If you want to achieve similar pixel numbers with the ASI294 as with the ASI224, you need a telescope with a longer focal length. For me, the "next" telescope in terms of focal length would be the TLAPO1027:

ASI294, 4122 x 2822 pixels (4,63µm): Results in a FOV of 1.54° x 1.05° >> 1.34"/pixel; a 0.5° object consists of 1345 pixels

Various Cameras at the PS 72/432

The graph above illustrates the differences between various ASI cameras (and Sony chips) at my PS 72/432 refractor. Thus, you can quickly see that the ASI294 provides the largest field of view of all cameras and that the ASI224 (this chip is used by the original Unistellar eVscope) and the newer ASI462 (this chip is used by the Vaonis Vespera) hardly differ in terms of field of view.

ASI 462: 2.1 MP - 1936 x 1096 pixels, pixel size 2.9 µm, sensor: 1/2.8"- Sony IMX462 CMOS

Conclusions

The graphics and the table for the field of view allow me to quickly determine the field of view for a certain telescope/camera combination. The table for the image scale also provides hints as to the fit of telescope focal length and camera sensor (pixel size). The image scale should lie in a range between 1 and 2, But in many cases, it is admissible that it lies outside this range...

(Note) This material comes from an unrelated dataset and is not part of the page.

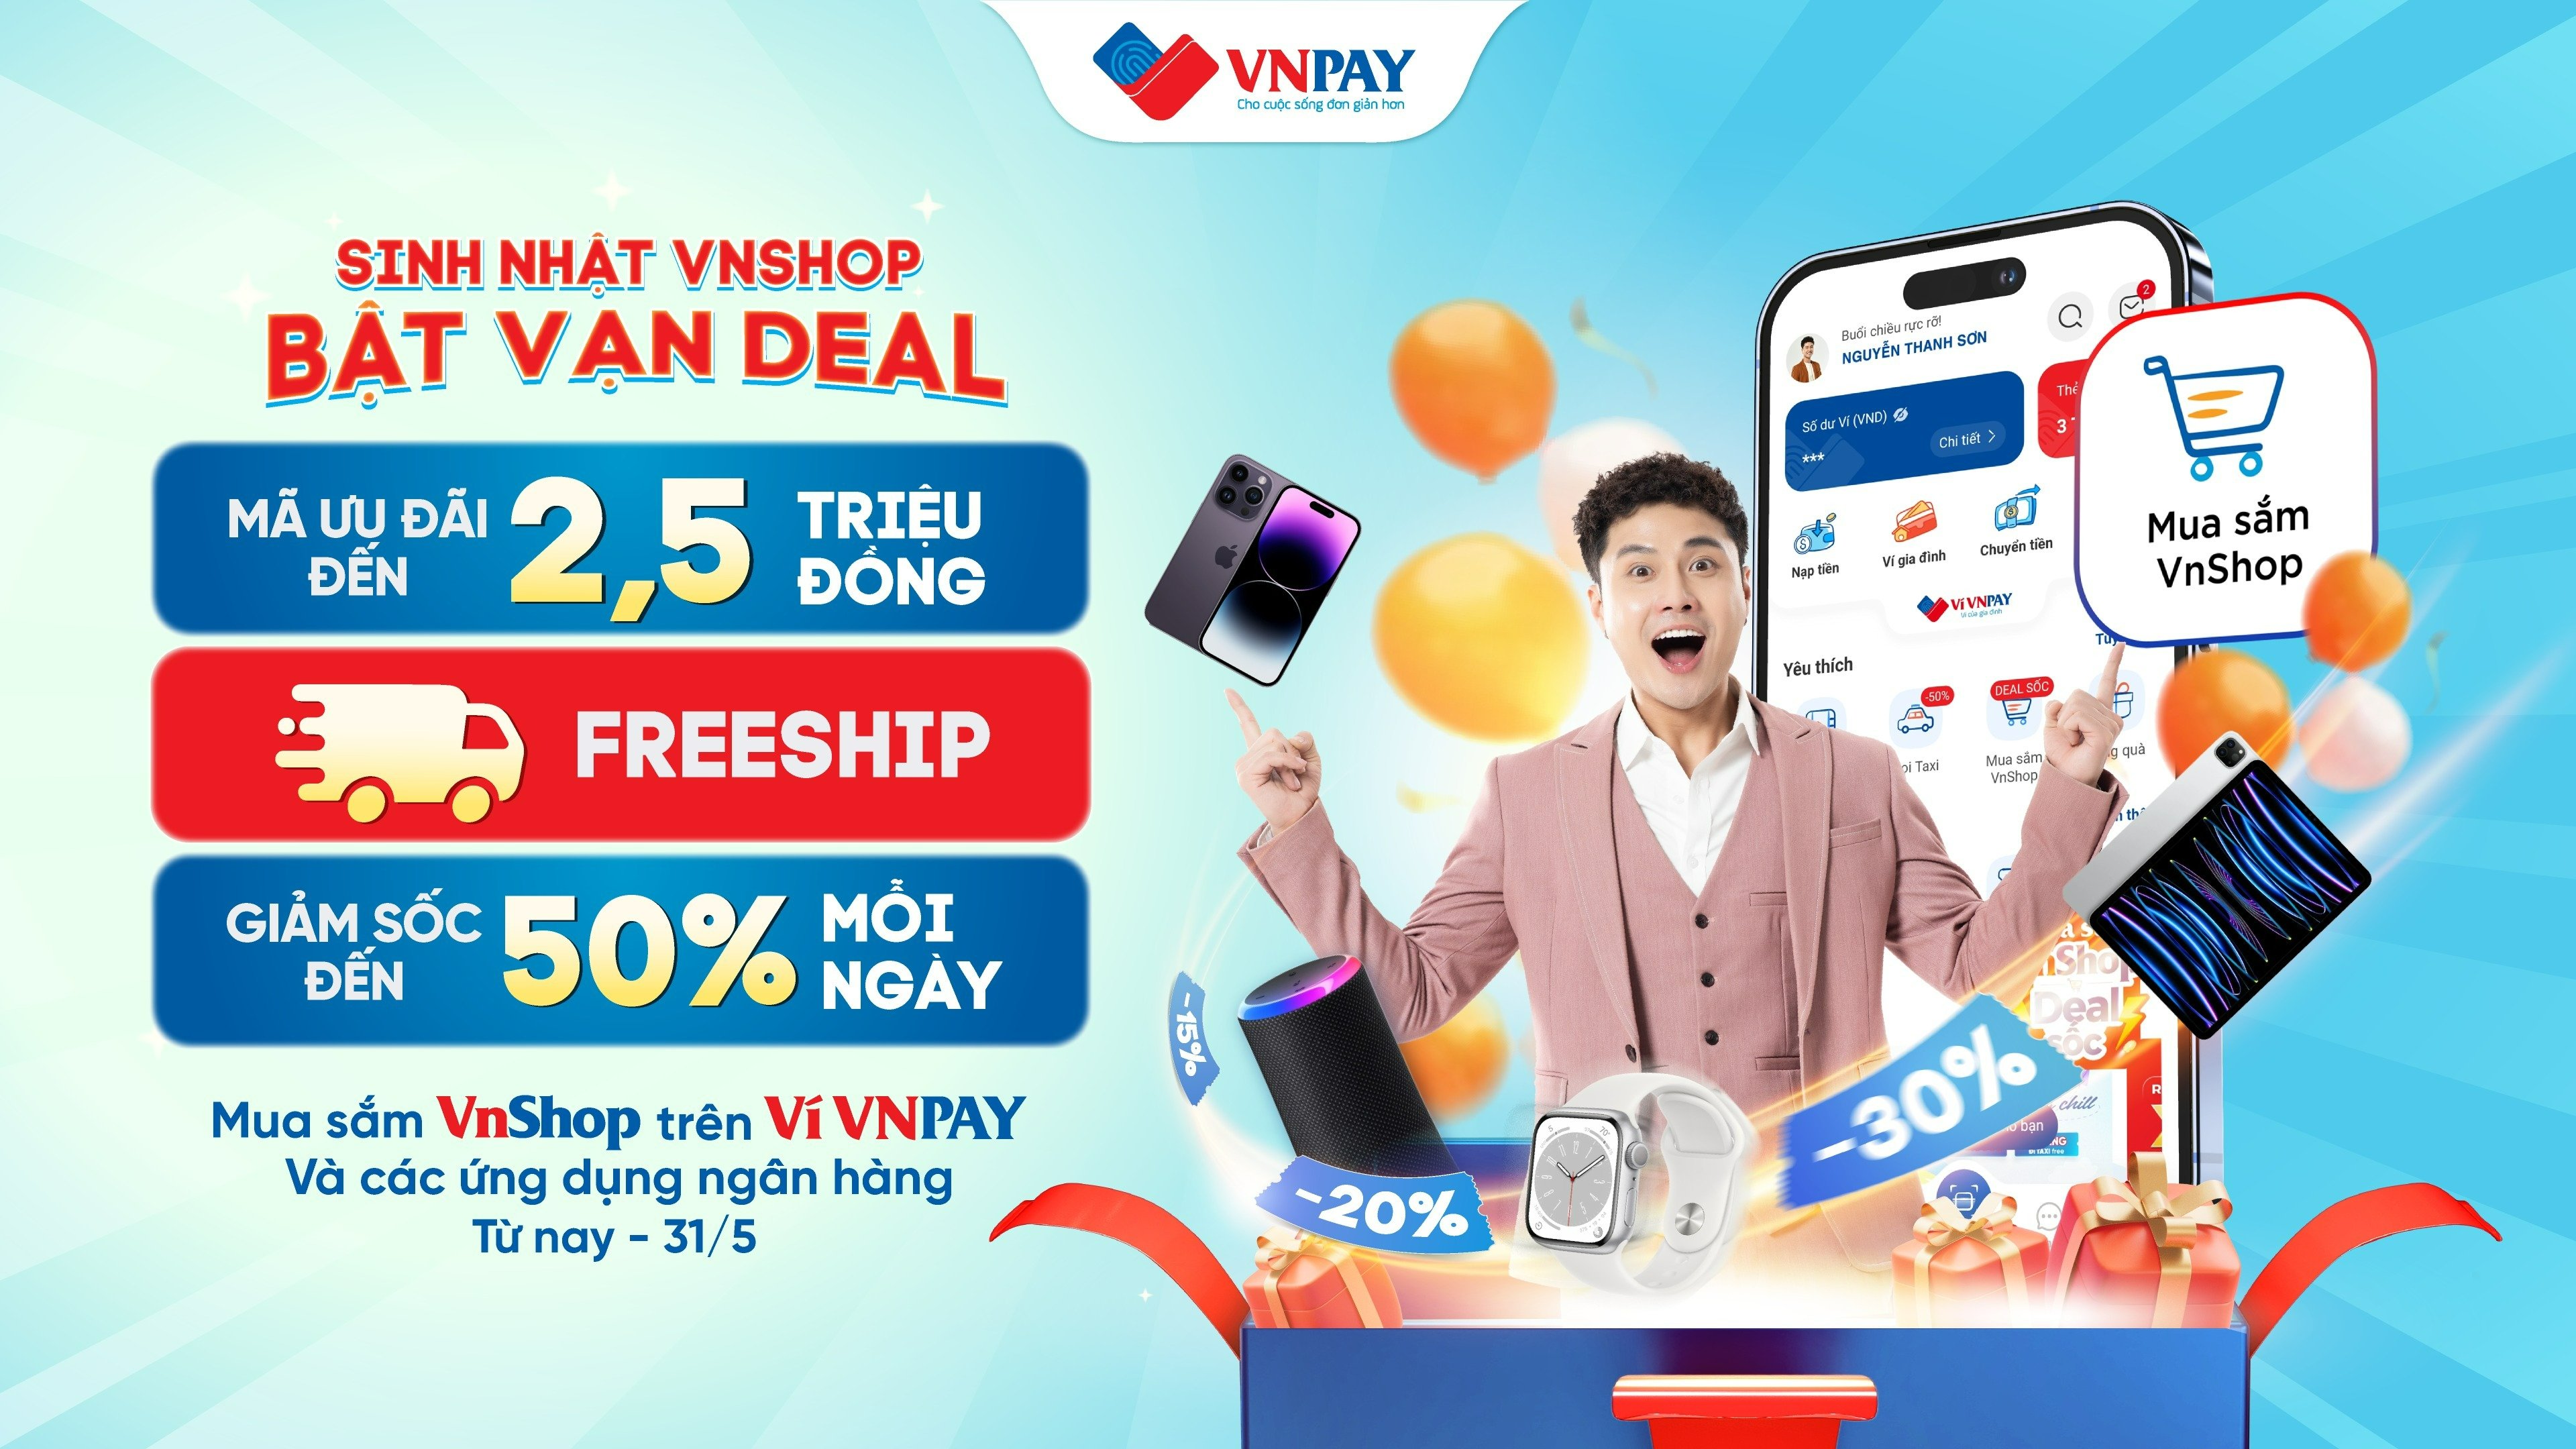 Từ nay đến 31/5, tính năng Mua sắm VnShop trên ví VNPAY và ứng dụng ngân hàng bùng nổ chương trình “SINH NHẬT VNSHOP BẬT VẠN DEAL” với ngàn ưu đãi khủng.

Appendix: Some More Chips...

In the following, I compare the fields of view of some of the newer sensor chips at my two refractors PS72/432 and TLAPO1027.

IMX676, IMX533, IMX662/462

In the chart above created with astronomy.tools, I compare the ASI533 with square sensor IMX533 with the not yet available IMX676 sensor (intended for the Vespera Pro) and with the 16:9 chip IMX462/662 (both have identical FOV). As you can see, the Vespera Pro will have the largest FOV of all these combinations. At the same telescope, however, the ASI533 has the largest FOV. The lower number of pixels (3008 compared to 3536) is more than compensated for by the larger pixels (3.76 µm compared to 2.0 µm).

See the following example for a comparison of the IMX533 with the IMX585/485!

IMX533, IMX585/485, IMX662/462

Here you can see that the new IMX585 (and thew older IMX485) chip has exactly half the field of view of the square chip IMX533. The IMX585, however, has the smaller pixels (2.9 µm compared to 3.76 µm). The IMX462/662 on the other hand, has half the dimensions of the IMX585, and thus, the same aspect ratio (16:9).